Today, after getting caught up with move-in stuff once again, I rolled out of the car and onto the first tee. I’d worked out in the morning, so I figured I was already loose and no worse off for not warming up. But midway through the round I realized I had been setting up closed, and I’d started compensating by swinging over the top — this is a familiar pattern for me, the tendency I’m trying to combat right now. By that point in the round, I’d made too many swings to adjust things easily on the fly, and I felt like I was fighting myself pretty much the whole way around.
I think the consistency that great pros are able to display on a day-to-day basis deserves more recognition than it gets. There’s the obvious sense that going out and playing top-level golf is impressive, but, even as a reasonably good player myself (I did break par from the tips in the wind today), I stepped on multiple bad-habit landmines that I was specifically trying to avoid. There’s a lot that goes into making consistently good passes at the golf ball.
It started raining on us pretty good during the round (for real, this time), and the worst of it started as we walked off the 18th green. But I had work to do. And, while puddles on a putting mirror used to be a reason to go inside and get the work done tomorrow, now it’s an annoyance that has to be tolerated and overcome like any other. The work had to get done. There’s a pride to be taken in it. I know people have done a lot harder work under a lot worse conditions, but there are plenty of guys who aren’t out there in the rain. It feels good to lay out my clubs in my apartment to dry and feel like I did something.
Now I’m showered, sitting at my kitchen table, looking at my apartment’s still-largely-blank walls.
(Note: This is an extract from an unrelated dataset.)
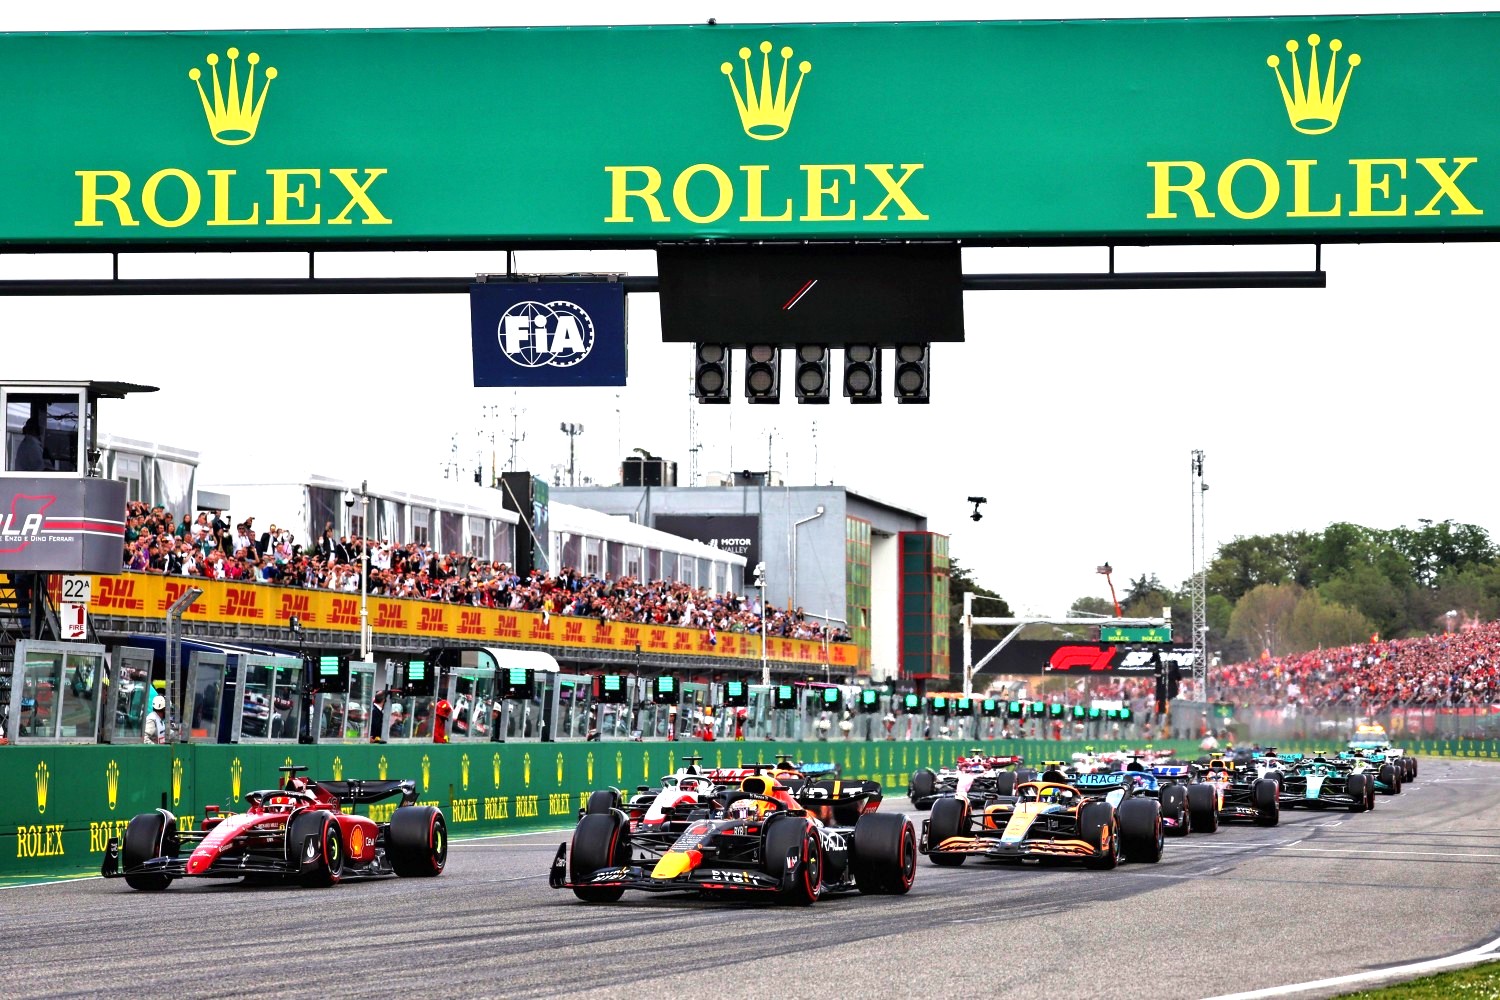 2022 Imola Sprint Race - Leclerc gets the jump on Verstappen from his 2nd place grid spot at the start

I’ve been enjoying the clean look of things during the day, the simplicity, and the feeling of control that comes from an uncomplicated environment. There’s a sense that I’m not being influenced, that the blank walls let me write things for myself.
But, once the sun sets, they can become a bit more of a burden, a lonely demand to populate the space with my own thoughts. The mind craves some amount of structure. In the daylight hours, the visual simplicity of the space denotes it as a sovereign space in an often chaotic world. But at night, light stops coming in the windows, the apartment becomes the whole world, and the walls start asking questions.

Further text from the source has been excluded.